Regardless of the words’ plain meaning, “America First” and, more recently, “nationalism,” are treated by the president’s enemies in the press and on the Left as a weird, de-facto declaration of fascism, anti-Semitism, “white supremacy” and whatever else their fevered imaginations can conjure. For many of these critics, Trump’s capital offense is his insistence that the interests and existence of the American nation should be paramount. It’s far more difficult to argue against nationalism and putting American interests above those of foreigners than to overact a scene from a morality play in which the antagonist is a strawman characterized by abstract, demoniac epithets that an insignificantly small number of Americans embrace or believe.

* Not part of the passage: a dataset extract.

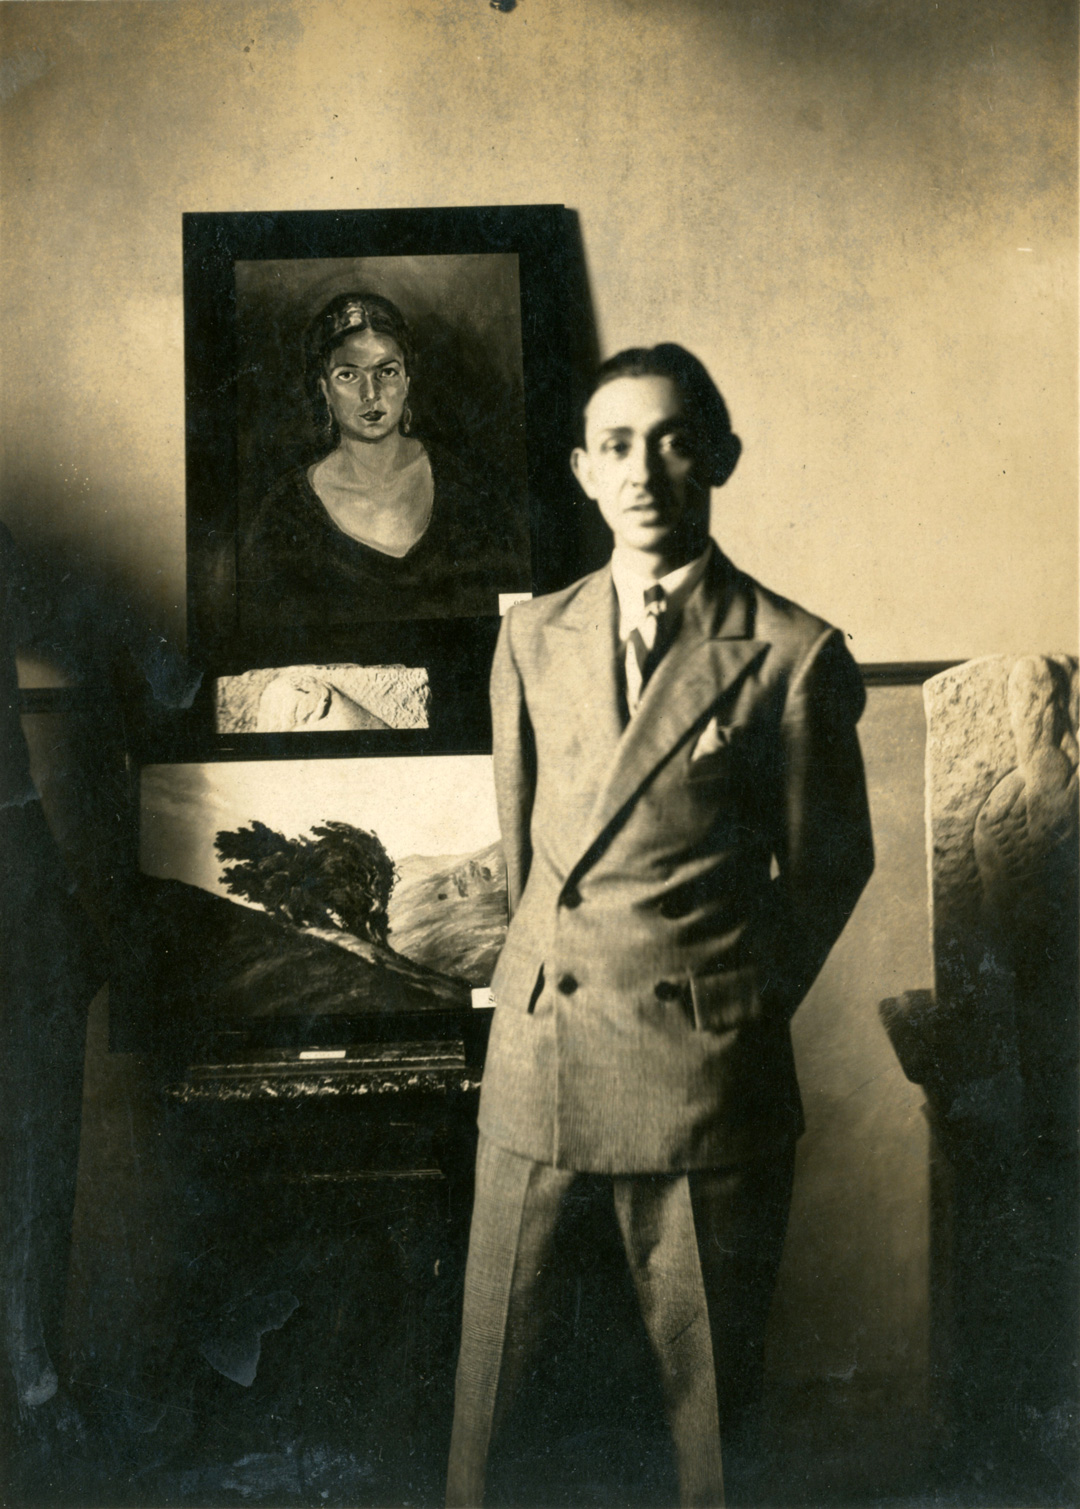 Manuel de la Cruz, Salón de Artes Plásticas de 1932.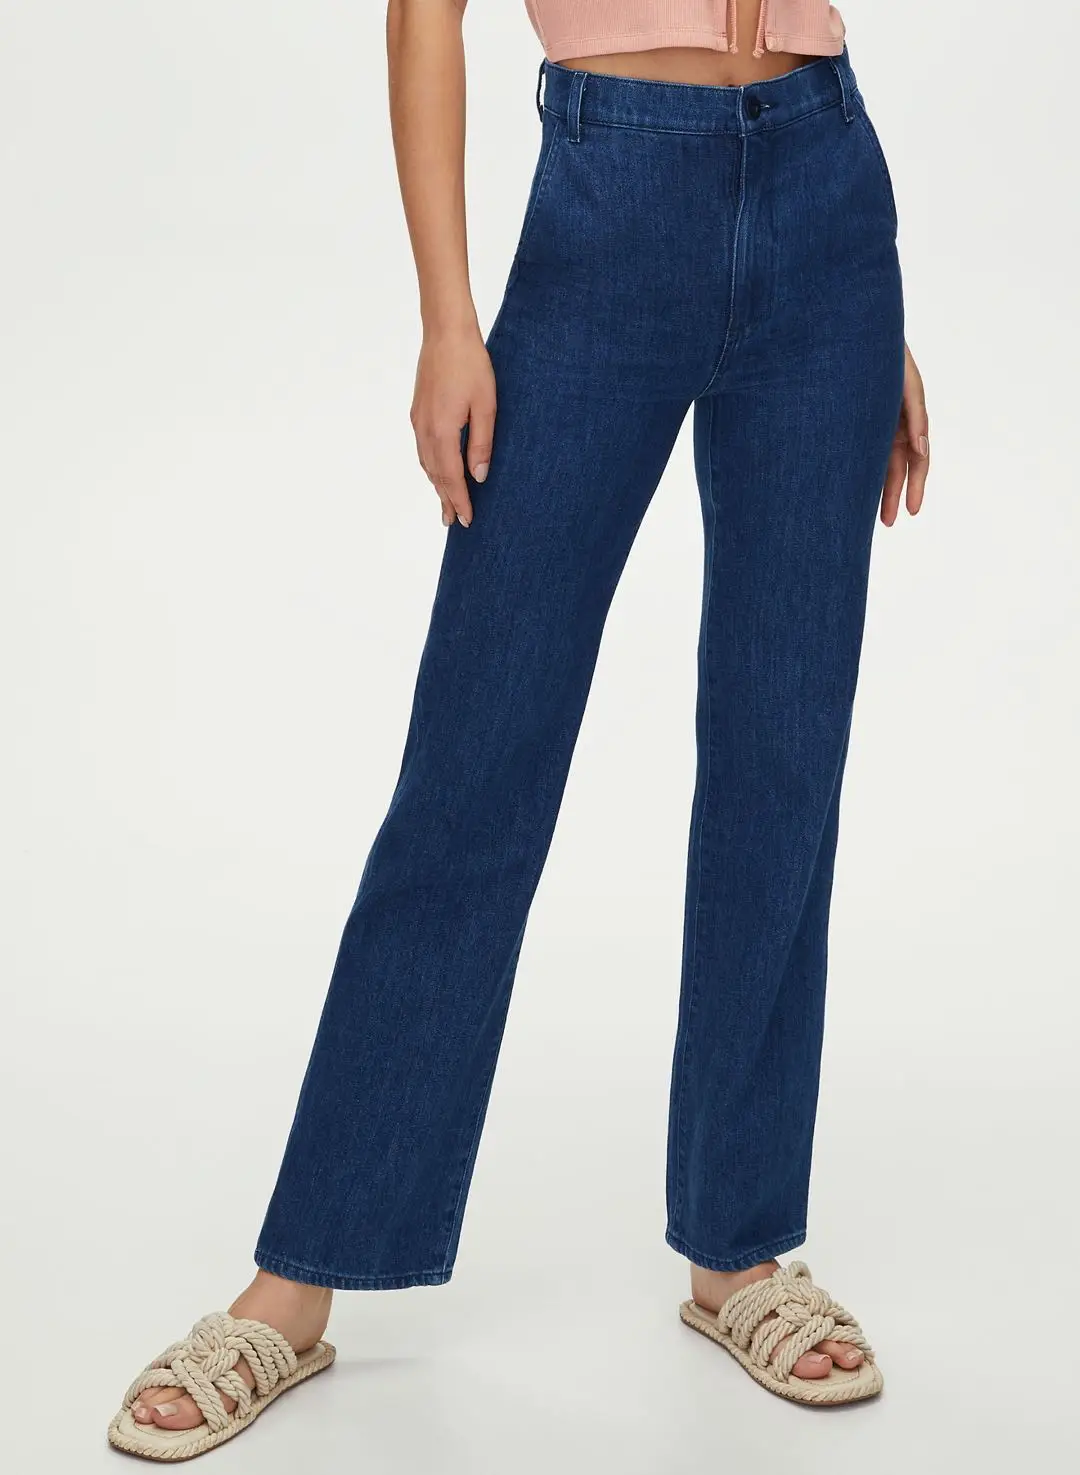 Super Soft Denim Fabric High Waist Denim Straight Leg Pants Women Trouser Jeans

Today, these “dog whistles” seem to be supplanting the plain meaning of words in the public debate. From their hyperbole and hysteria, no advance in rhetorical intensity—or reasoned political discourse—is possible.
One is tempted to believe the Left’s obsession with the Right’s so-called “dog whistles” is merely a gambit in scorched-earth political war but, as Yoram Hazony pointed out recently, this short-circuits the language we use to understand ourselves and function in a free society. “Intelligent public debate cannot happen where the plain meanings of sentences are ignored,” he writes, “and the alleged implied meaning is the main topic of discussion.” This implied meaning is entirely subjective, contorted to the most negative and least generous possible interpretation of the speaker’s intent, and nearly always absurdly wrong.
This phenomenon is to be expected in a world where one can self-define not only his or her gender, race, ethnicity but, now, even species and age. Human civilization is only possible if there’s a relatively predictable, agreed-upon framework connecting conceptions of things and words. Language isn’t useful if, idiosyncratically, the word “dog” can sometimes also mean “refrigerator,” according to the speaker’s wishes. Engaging in a discussion about politics with a friend becomes as impossible as organizing an antediluvian hunting expedition, not to mention having a national debate about the nature of the American regime. Of course, taken literally, this kind of language relativism very quickly collapses in on itself; it is merely a stratagem used by cynics to take away the plain meaning of words and concepts and politicize them according to whim and power. The Left’s constant reference to “dog-whistles” is an attempt to strip reality of its authority in public consciousness.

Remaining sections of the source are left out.